*Excerpted records*
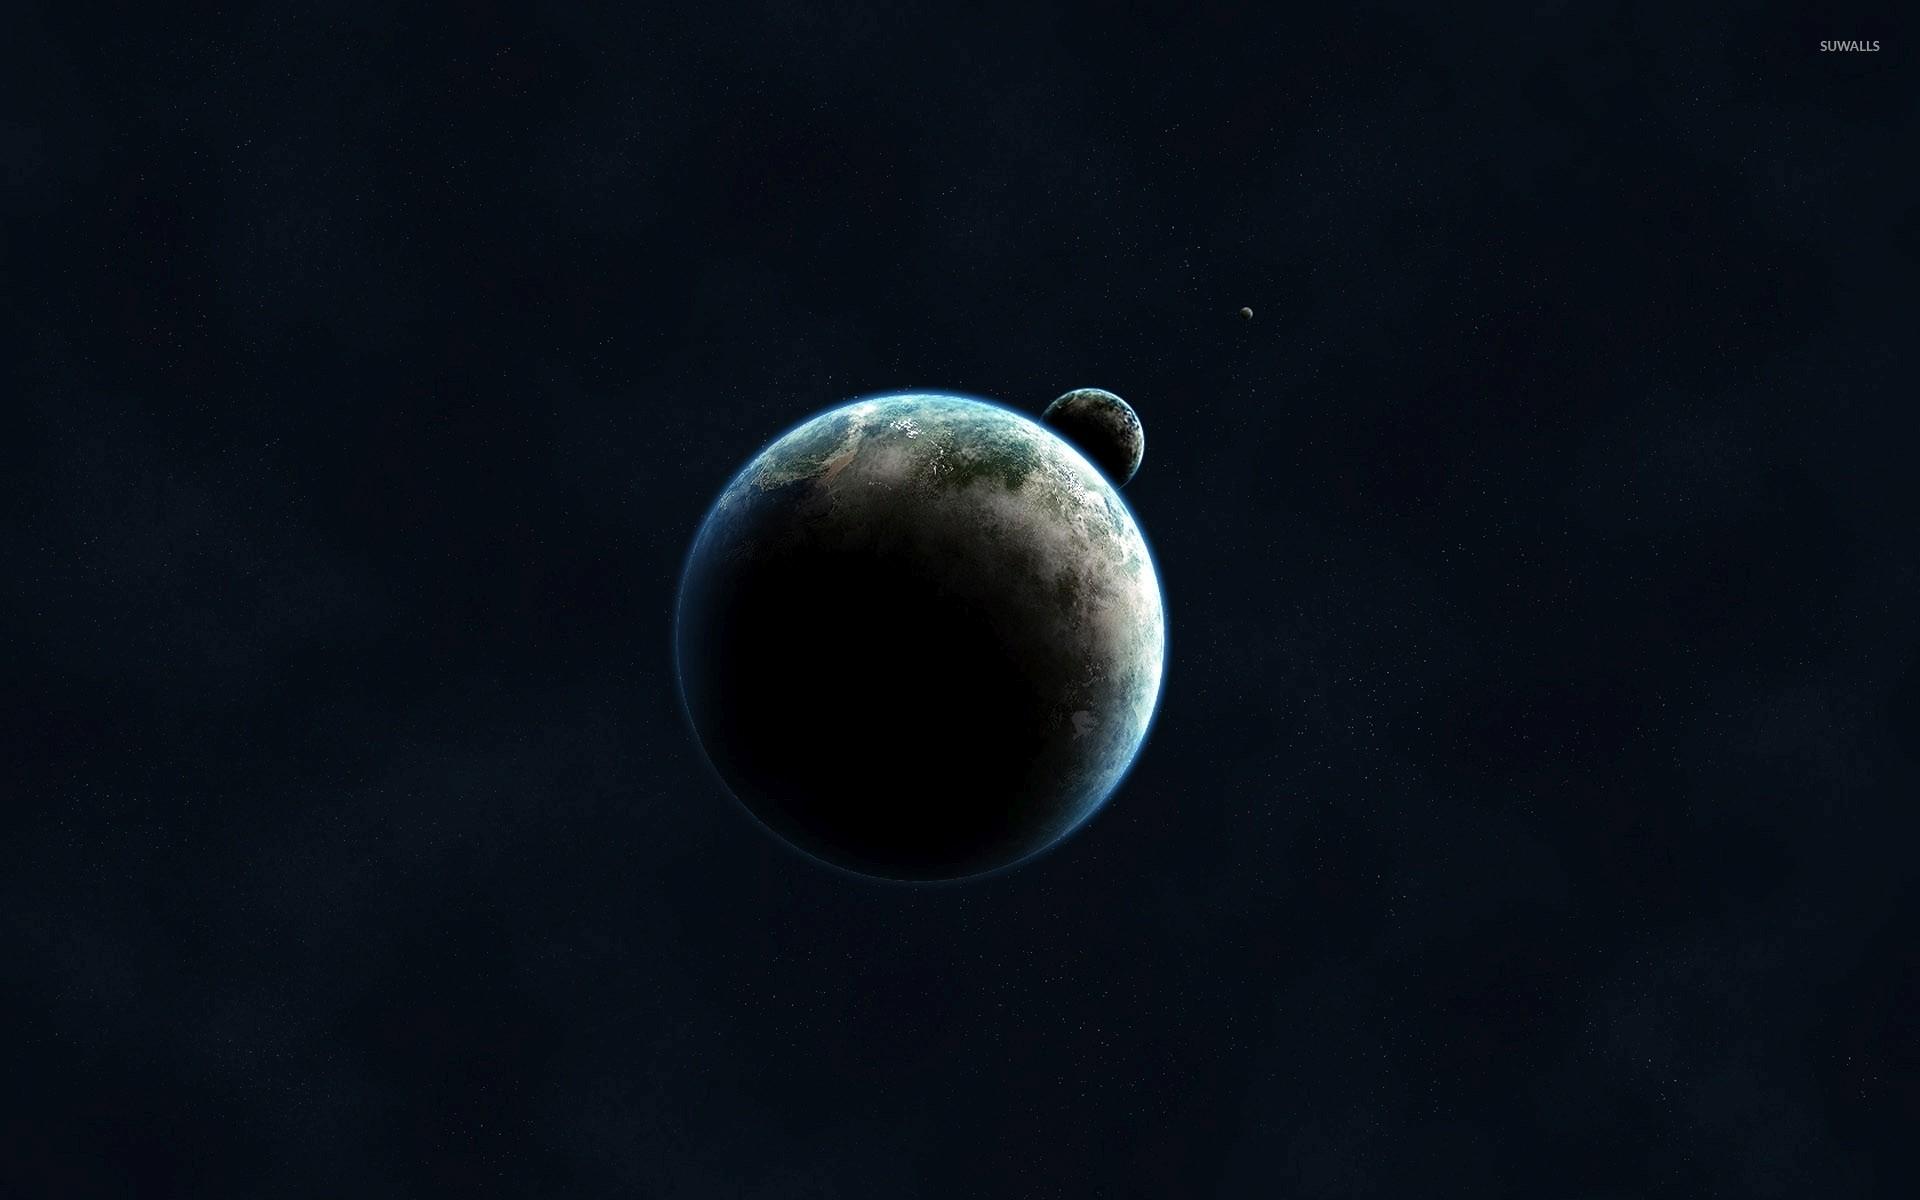 Planets in space [2] wallpaper jpg
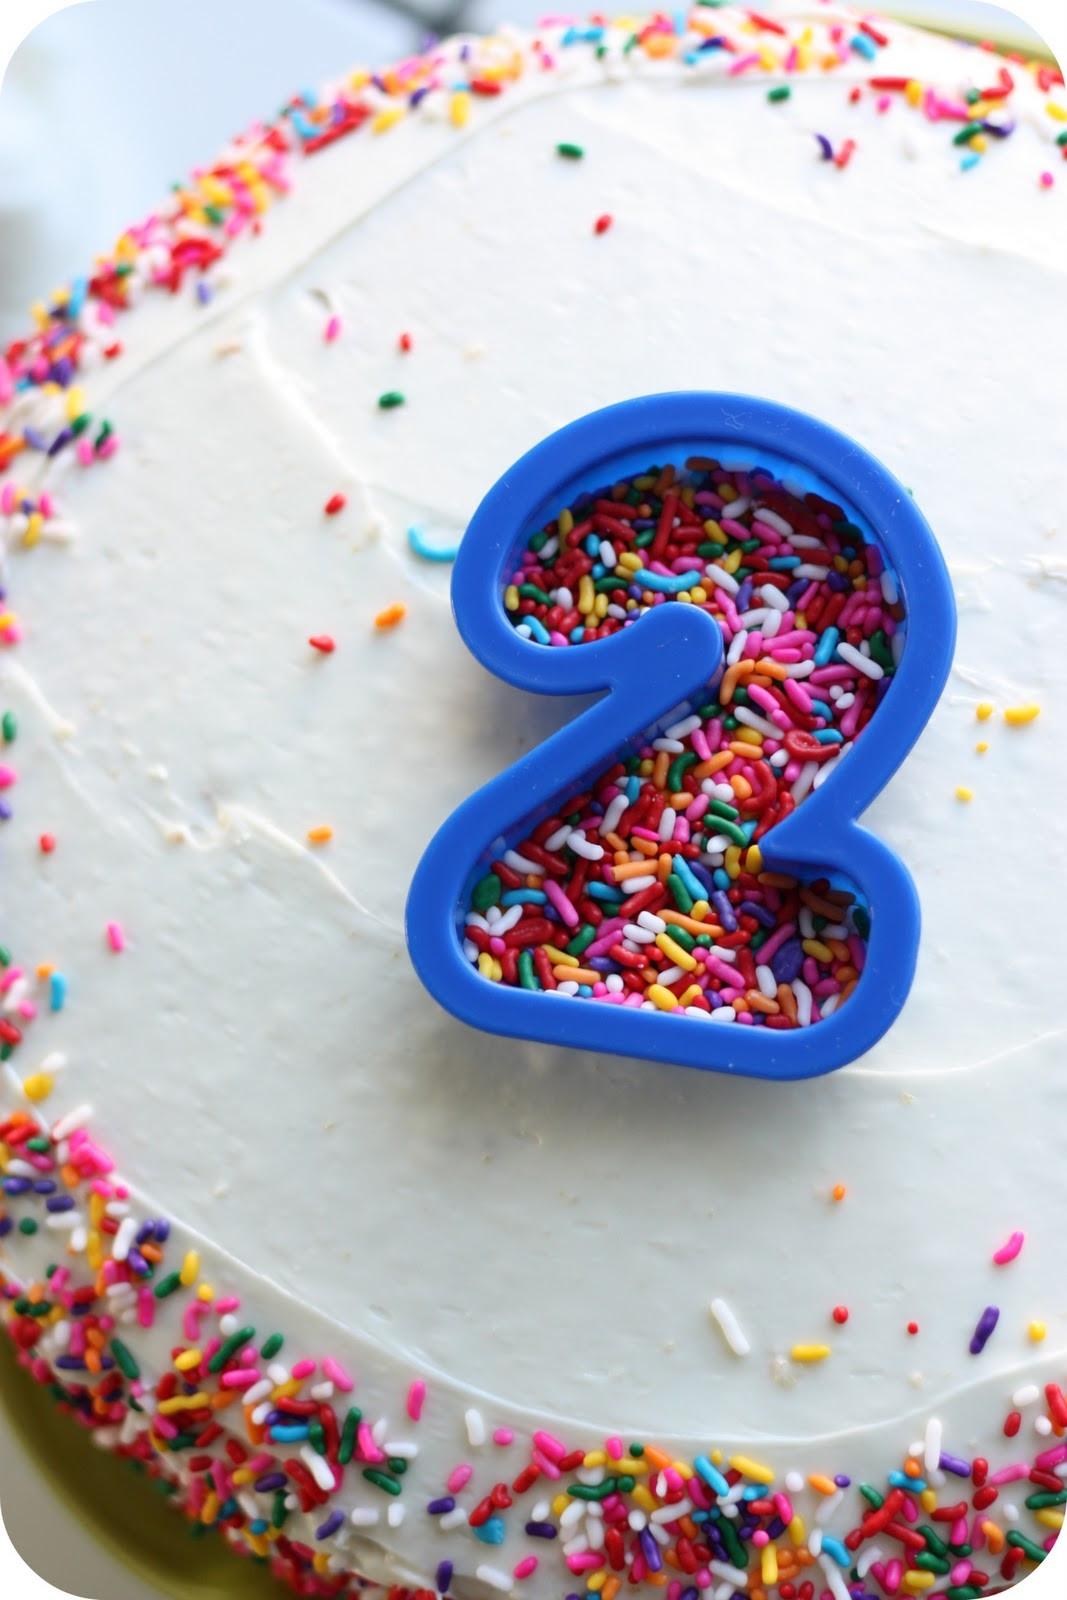 Cake Decorating Ideas For Birthday  20 Birthday Cake Decoration Ideas
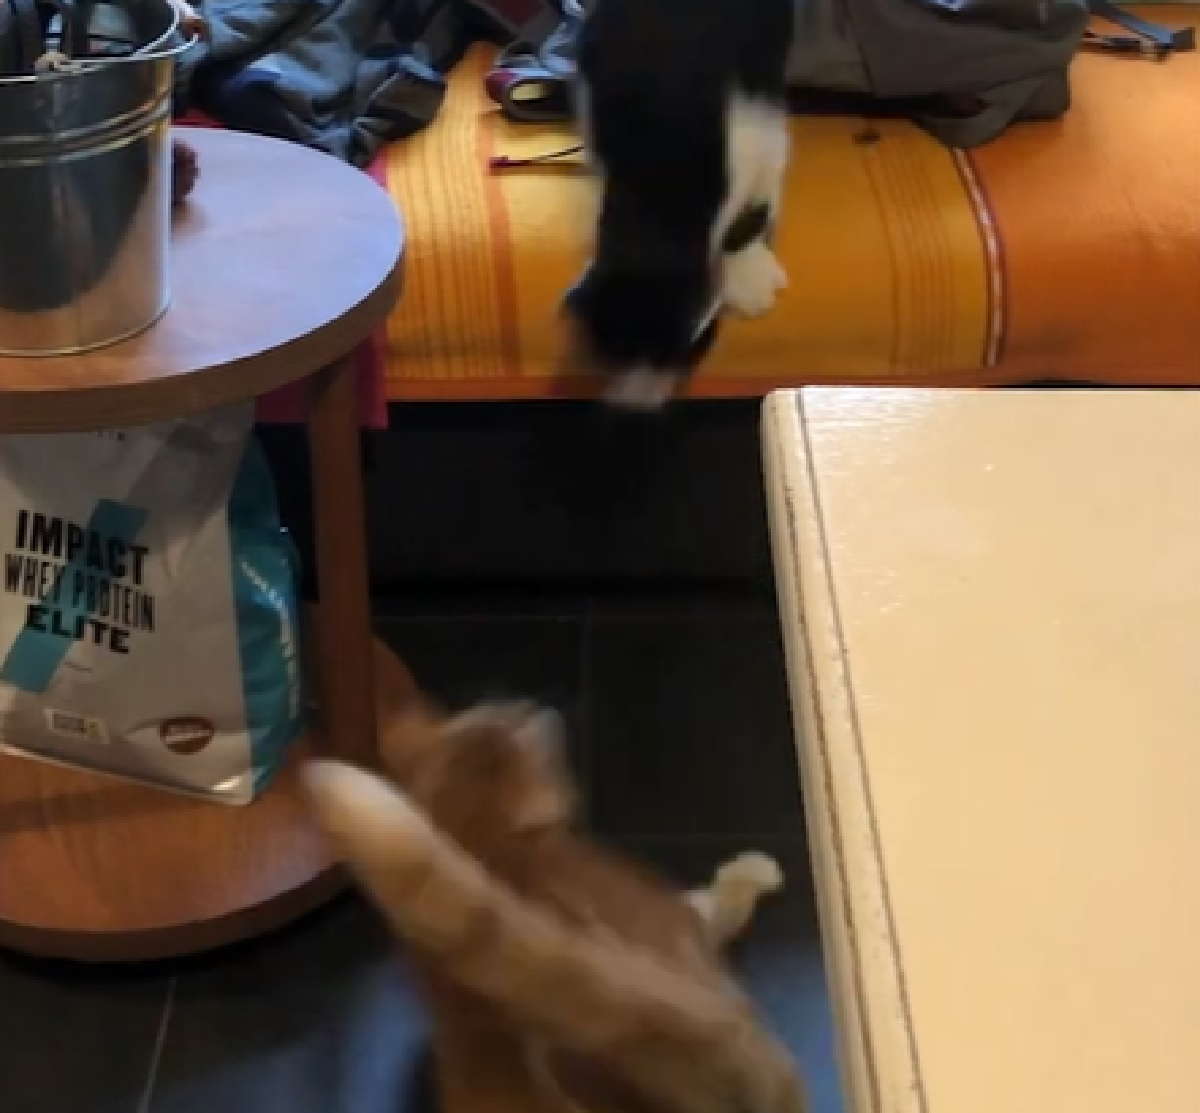 findus pattersson gattini mamma registra
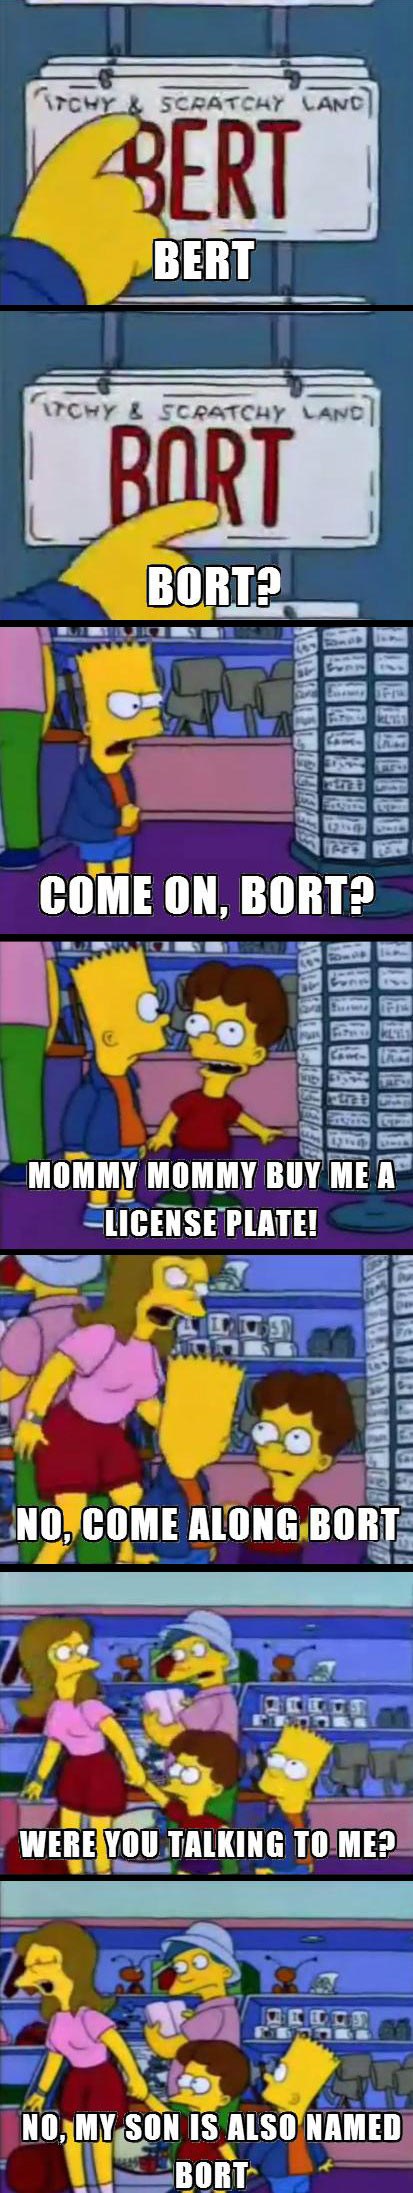 funny-Simpsons-Bart-Lisa-plates-Bort
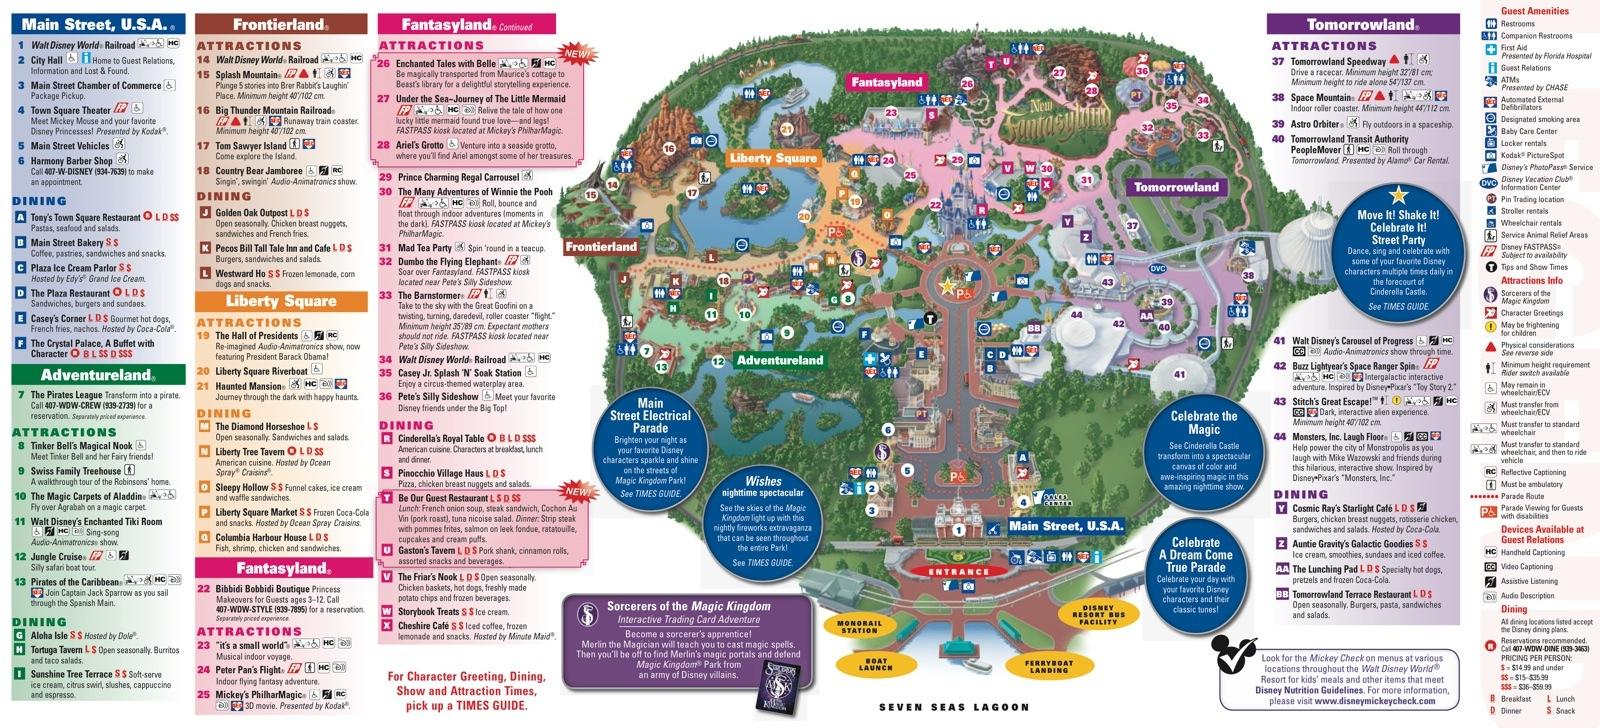 Printable Disney World Animal Kingdom Map Google Map Disney World - Printable Disney Maps
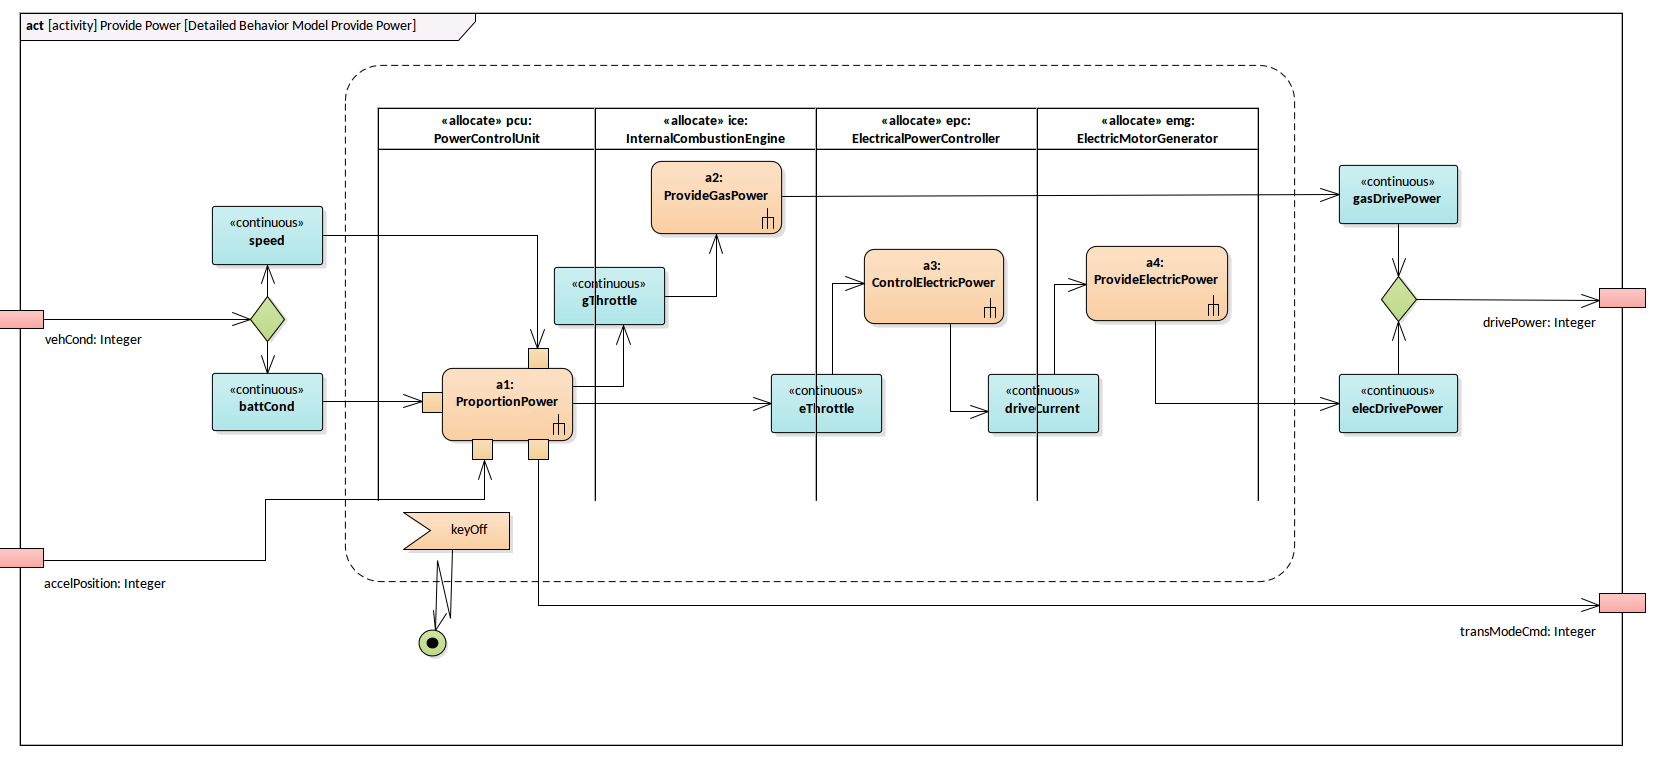 Sysml Activity Diagram Provide Power Enterprise Architect Diagrams Gallery

*What to do*
Without any pictures, restate word for word only the lines from the one with "funny-Simpsons-Bart-Lisa-plates-Bort" through the end of the listing.

*Answer*
 funny-Simpsons-Bart-Lisa-plates-Bort
 Printable Disney World Animal Kingdom Map Google Map Disney World - Printable Disney Maps
 Sysml Activity Diagram Provide Power Enterprise Architect Diagrams Gallery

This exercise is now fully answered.